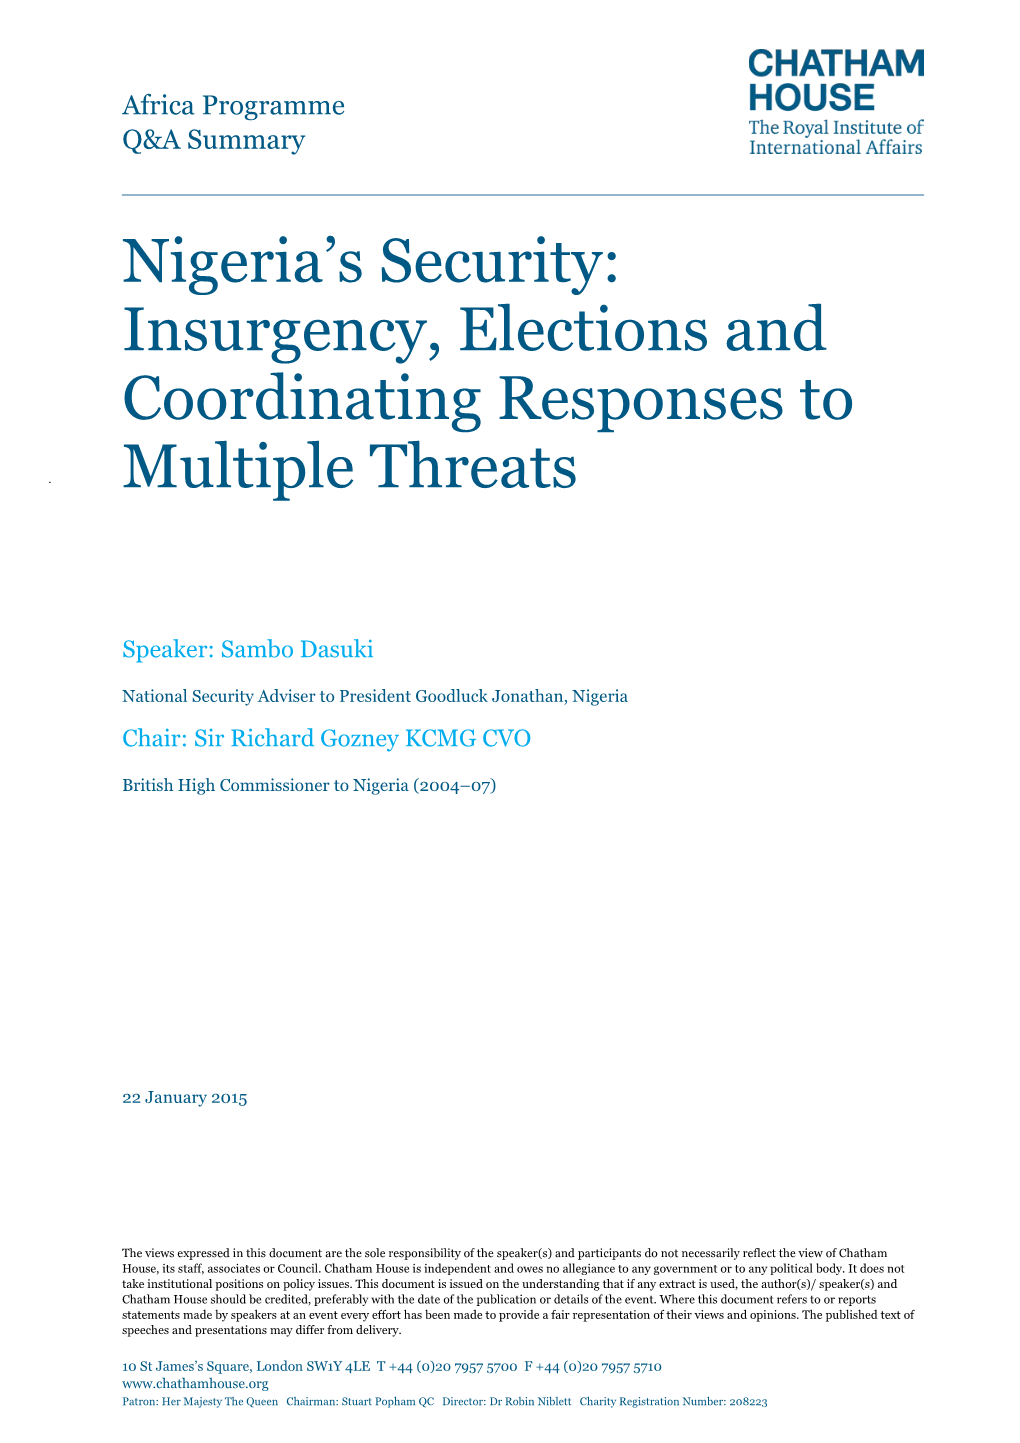 Nigeria's Security: Insurgency, Elections and Coordinating
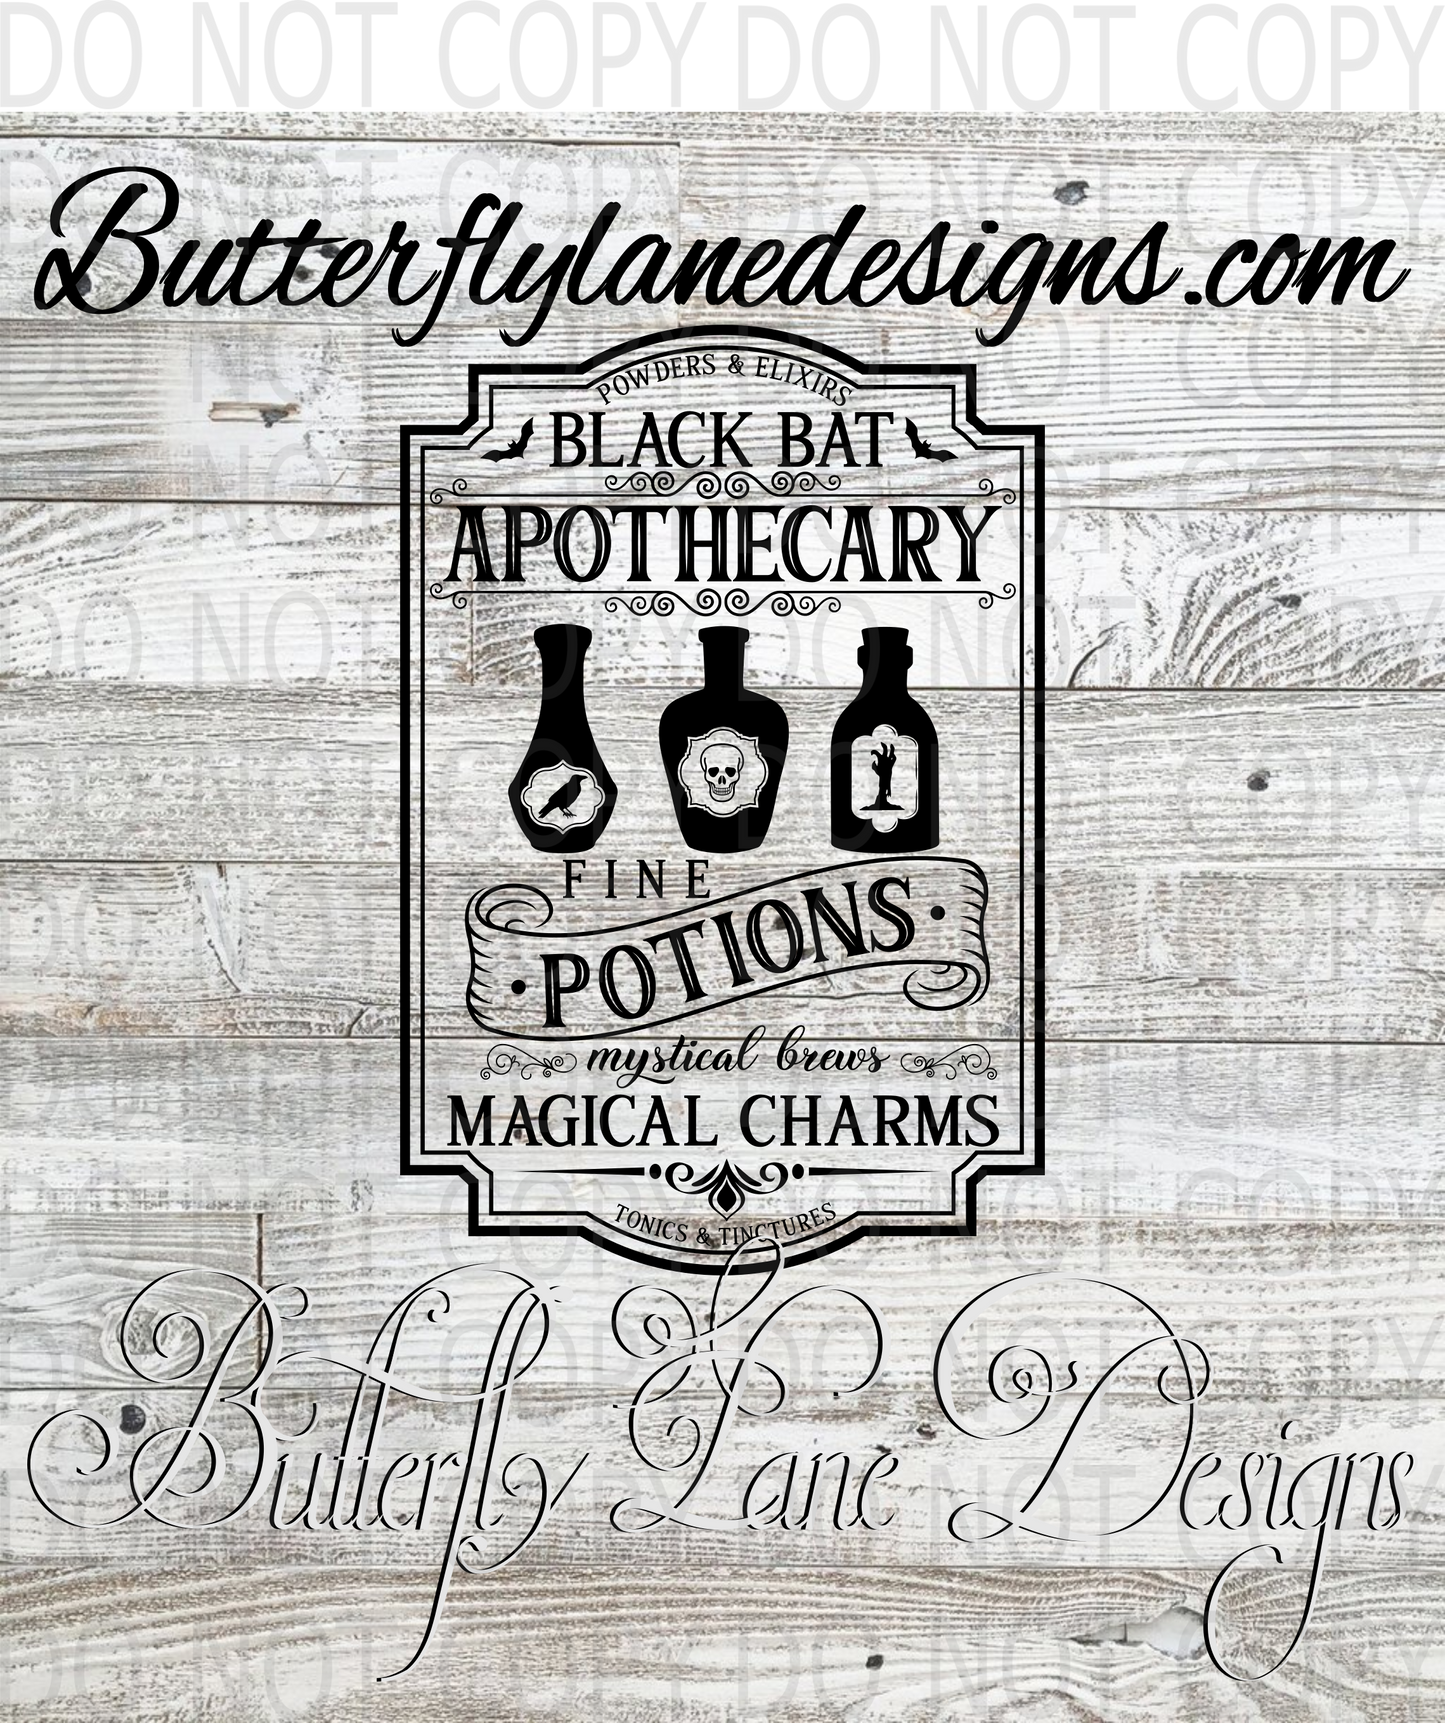 Black Bat fine potions; magical charms- :: Clear Decal :: VC Decal
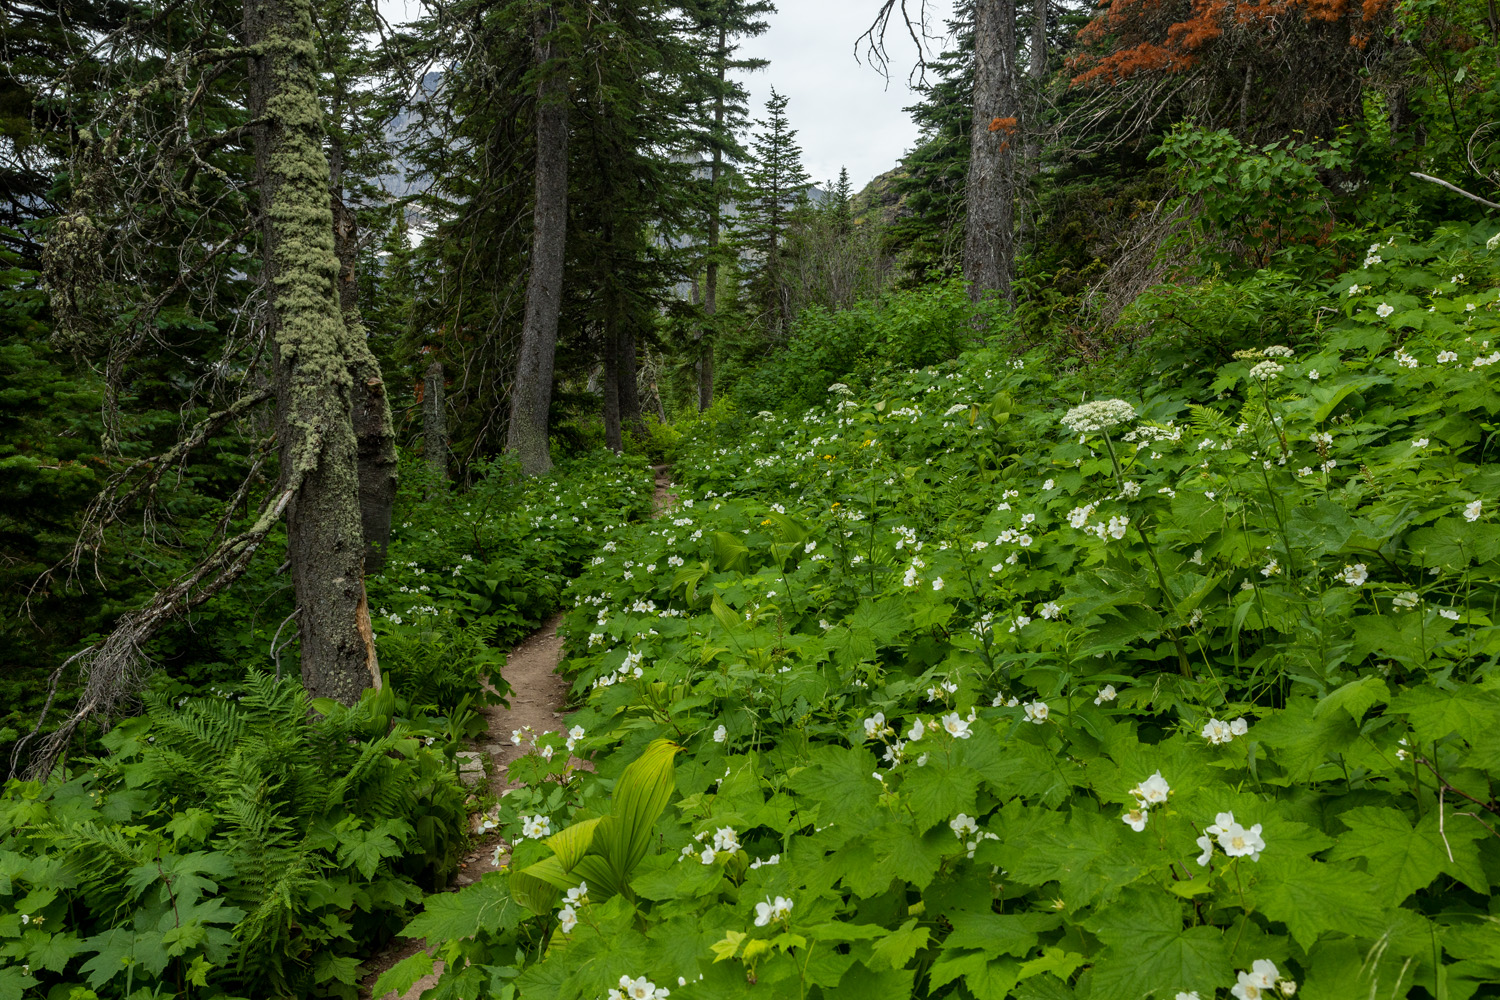 The trail to Grinnell Glacier passes through a thicket of thimbleberry.
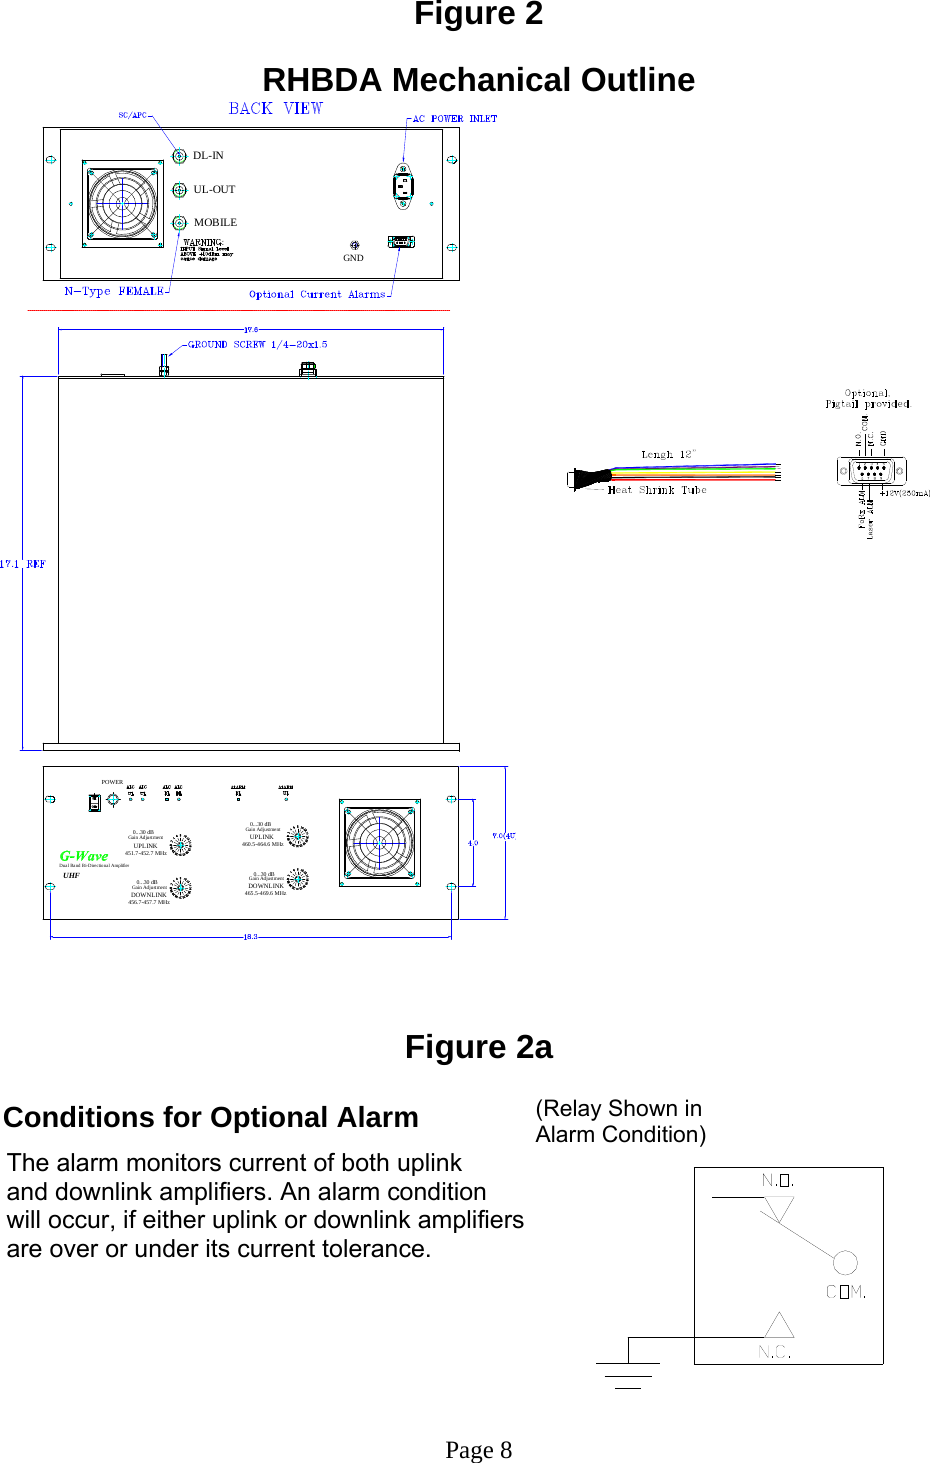 Figure 2  RHBDA Mechanical Outline                   DL-INUL-OUTPOWERGNDMOBILE    0...30 dBGain AdjustmentUPLINK460.5-464.6 MHz    0...30 dBGain AdjustmentDOWNLINK465.5-469.6 MHz    0...30 dBGain AdjustmentUPLINK451.7-452.7 MHz    0...30 dBGain AdjustmentDOWNLINK456.7-457.7 MHzDual Band Bi-Directional AmplifierUHF  Figure 2a   (Relay Shown in         Alarm Condition) The alarm monitors current of both uplink Conditions for Optional Alarm and downlink amplifiers. An alarm condition                                                             will occur, if either uplink or downlink amplifiers                                               are over or under its current tolerance.                                                                                             Page 8 
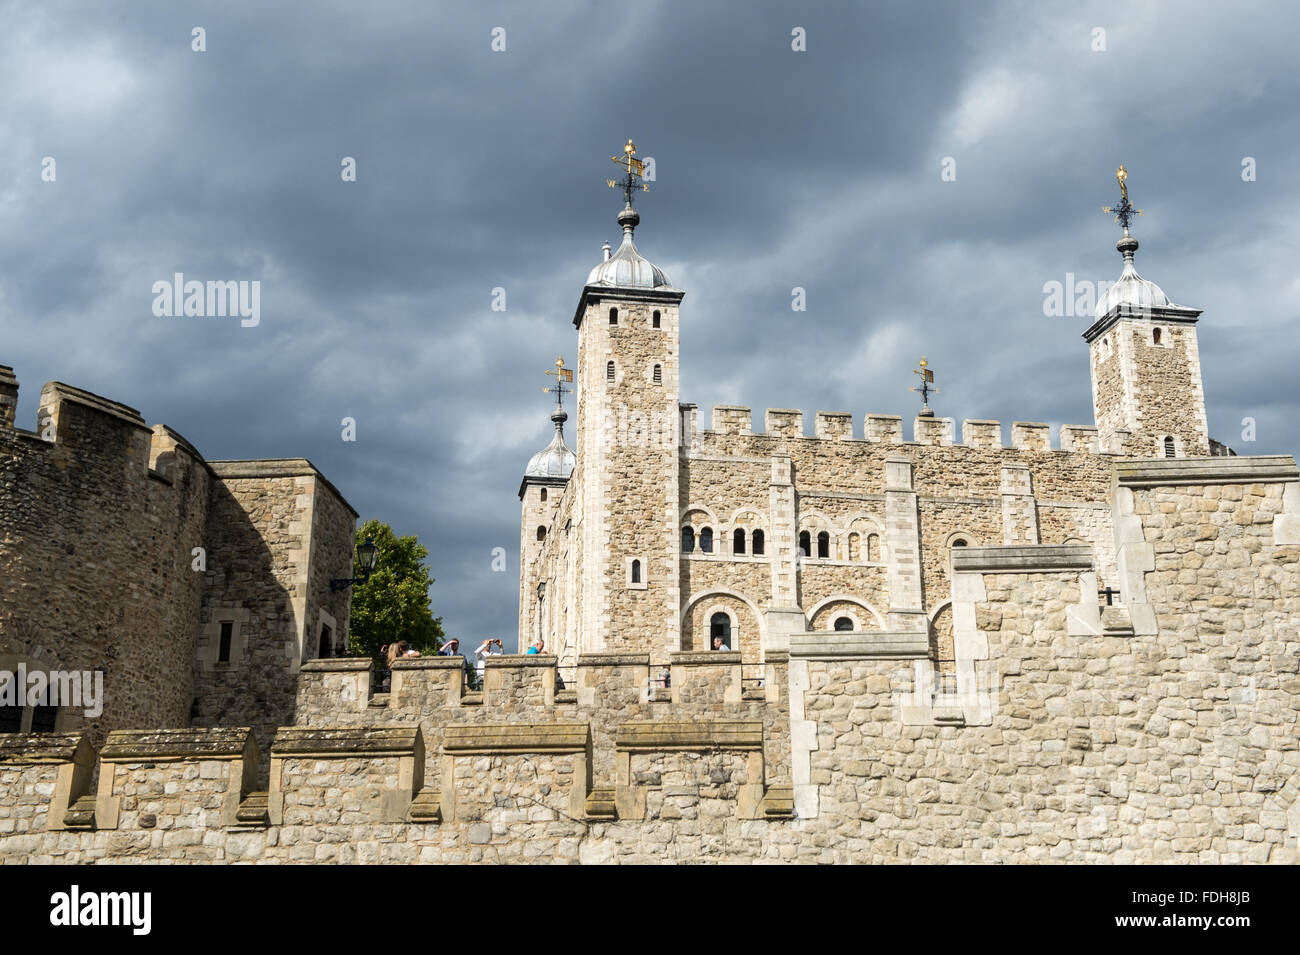 Tower of London in England, UK. Stock Photo

◆ **TASK TO COMPLETE**: Copy out the material word for word, without any images.

◆ **YOUR RESPONSE**:
 Nigeria's Security: Insurgency, Elections and Coordinating
 Black Bat fine potions; magical charms- :: Clear Decal :: VC Decal
 The trail to Grinnell Glacier passes through a thicket of thimbleberry.
 Figure 2  RHBDA Mechanical Outline                   DL-INUL-OUTPOWERGNDMOBILE    0...30 dBGain AdjustmentUPLINK460.5-464.6 MHz    0...30 dBGain AdjustmentDOWNLINK465.5-469.6 MHz    0...30 dBGain AdjustmentUPLINK451.7-452.7 MHz    0...30 dBGain AdjustmentDOWNLINK456.7-457.7 MHzDual Band Bi-Directional AmplifierUHF  Figure 2a   (Relay Shown in         Alarm Condition) The alarm monitors current of both uplink Conditions for Optional Alarm and downlink amplifiers. An alarm condition                                                             will occur, if either uplink or downlink amplifiers                                               are over or under its current tolerance.                                                                                             Page 8 
 Tower of London in England, UK. Stock Photo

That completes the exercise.